Мне было приятно слышать такие речи, но Спешилов прав. Есть у меня собственное начальство, а оно, может, не то что к ордену меня не представит, так ещё и нагоняй за что-нибудь даст. Начальство, оно такое. Мне бы сейчас другое узнать – а там, в Москве, не позабыли ли обо мне?
– Из Особого отдела пришло что-нибудь? – спросил я.
– Депеша пришла, но какая-то странная, – сообщил Виктор. – Написали, что товарищ Аксёнов остаётся в распоряжении комиссара стрелковой бригады вплоть до подтверждения его полномочий.
– И что тут странного? – не понял я. – Останусь в твоём распоряжении, ты мне какое-нибудь дело нарежешь, что тут думать?
– А как я тобой стану распоряжаться, если особые отделы политотделам и комиссарам не подчиняются?
Вон ты о чём! Не иначе, пока сидел, успел заразиться от товарища Стрелкова.
– А ты плюнь, – посоветовал я Виктору. – Тебе же сказали – мол, до выяснения полномочий. Значит, для тебя я пока лишь боевой товарищ, с которым ты из тюрьмы бежал, верно?
– Верно, – согласился комбриг.
– Стало быть, жду ваших распоряжений, товарищ бригадный комиссар.
– Тогда слушайте боевой приказ, товарищ Аксёнов. Выделю вам бойца в сопровождение, отправляйтесь на квартиру и отдыхайте. Я как чувствовал – для тебя местечко приберёг.
В квартире – вернее, небольшой комнате в довольно просторном доме – имелась мягкая кровать, на которую я немедленно упал и заснул. Приходил ли ночевать комиссар, я так и не понял, но утром меня ждал шикарный завтрак, состоящий из варёной картошки, жареных окуней и настоящего хлеба. Шенкурский уезд – это не Холмогоры и не Архангельск. Единственный из уездов, обеспечивавший себя хлебом. И даже сейчас, несмотря на продразвёрстку и прочее, хлеб здесь был.
Интерьер дома был сборным – деревенско-городским. Широкие деревянные лавки соседствовали с венскими стульями, а книжный шкаф из красного дерева стоял рядом с сундуками. Впрочем, для небольших русских городов это обычное дело. Вон, вспомнить хотя бы дом моей тётушки в Череповце – то же самое.
Хозяева – старичок со старушкой довольно интеллигентного вида – оказались бывшими ссыльными, отправленными в Пинегу лет тридцать назад, но так здесь и осевшими. Михаил Михайлович учительствовал, а Инесса Петровна была обычной домохозяйкой.
Мы стали друзьями, как только я рассказал, что закончил учительскую семинарию, но стать педагогом помешала война.

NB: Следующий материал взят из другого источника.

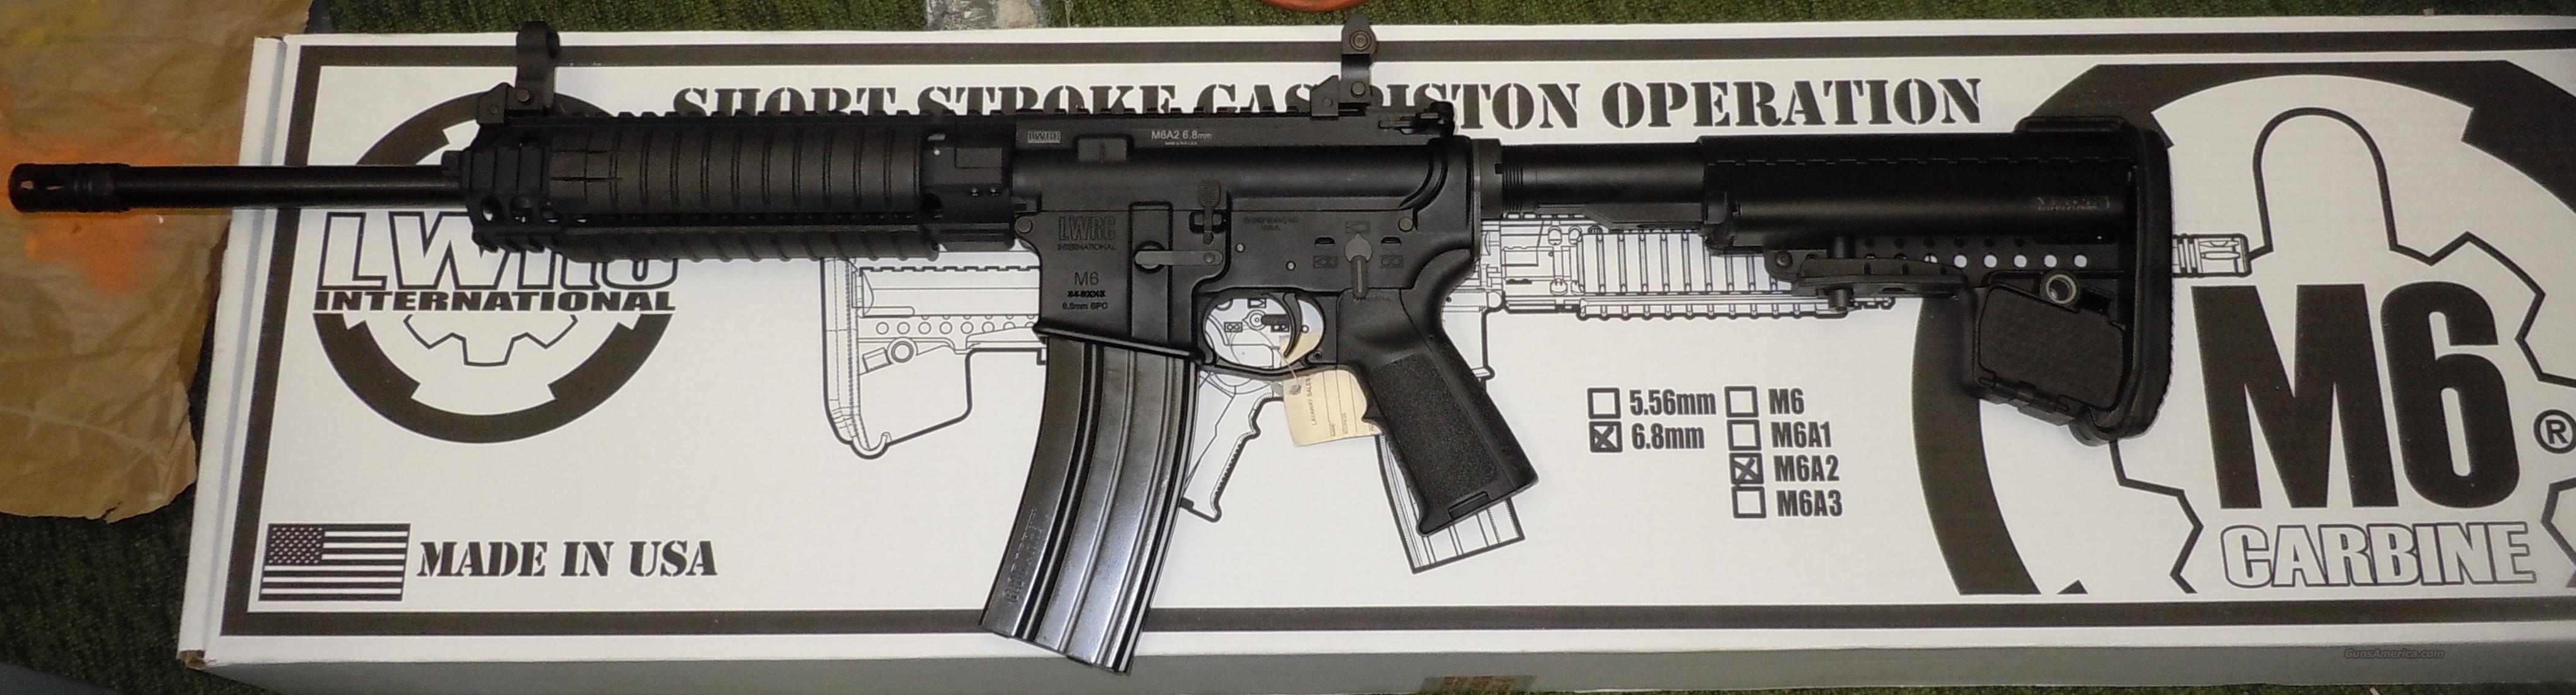 LWRC M6A2 6.8MM SHORT STROKE PISTON RIFLE  Guns > Rifles > AR-15 Rifles - Small Manufacturers > Complete Rifle

– Меня сюда за народничество сослали, – пояснил хозяин. – А супруга со мной поехала. Я ж ни бомбистом, ни террористом не был, в народ ходил, прокламации раздавал. Мы же хотели интеллигенцию с народом объединить, чтобы совместно социализм строить. Вот, мне за социализм четыре года ссылки и дали. Поначалу-то тяжело было – пособие ссыльного тринадцать рублей, а за квартиру платили два рубля в месяц с полтиной. Потом родственники денег прислали, мы себе дом отстроили. Я в земскую школу пошёл работать, сами стали жильё сдавать, легче стало. Потом, за примерное поведение, два года скостили, да мне уже и не надо было этого. Два года прожили, дай, думаем, ещё немножечко поживём, а потом ещё. А там и решили – к чему нам чего-то искать, к чему стремиться? Нигде лучше не будет, останемся-ка мы здесь. Тут нас и дом свой, и школа. Я за тридцать лет всех тутошних мужиков выучил и их детишек. Вон, уже внуков скоро учить начну.
– А вы, случайно, Александра Грина не знали? – заинтересовался я, припоминая, что писатель когда-то был сослан именно сюда, в Пинегу.
– Грина? – переспросил хозяин. Посмотрев на хозяйку, пожал плечами. – Нет, такого не знали.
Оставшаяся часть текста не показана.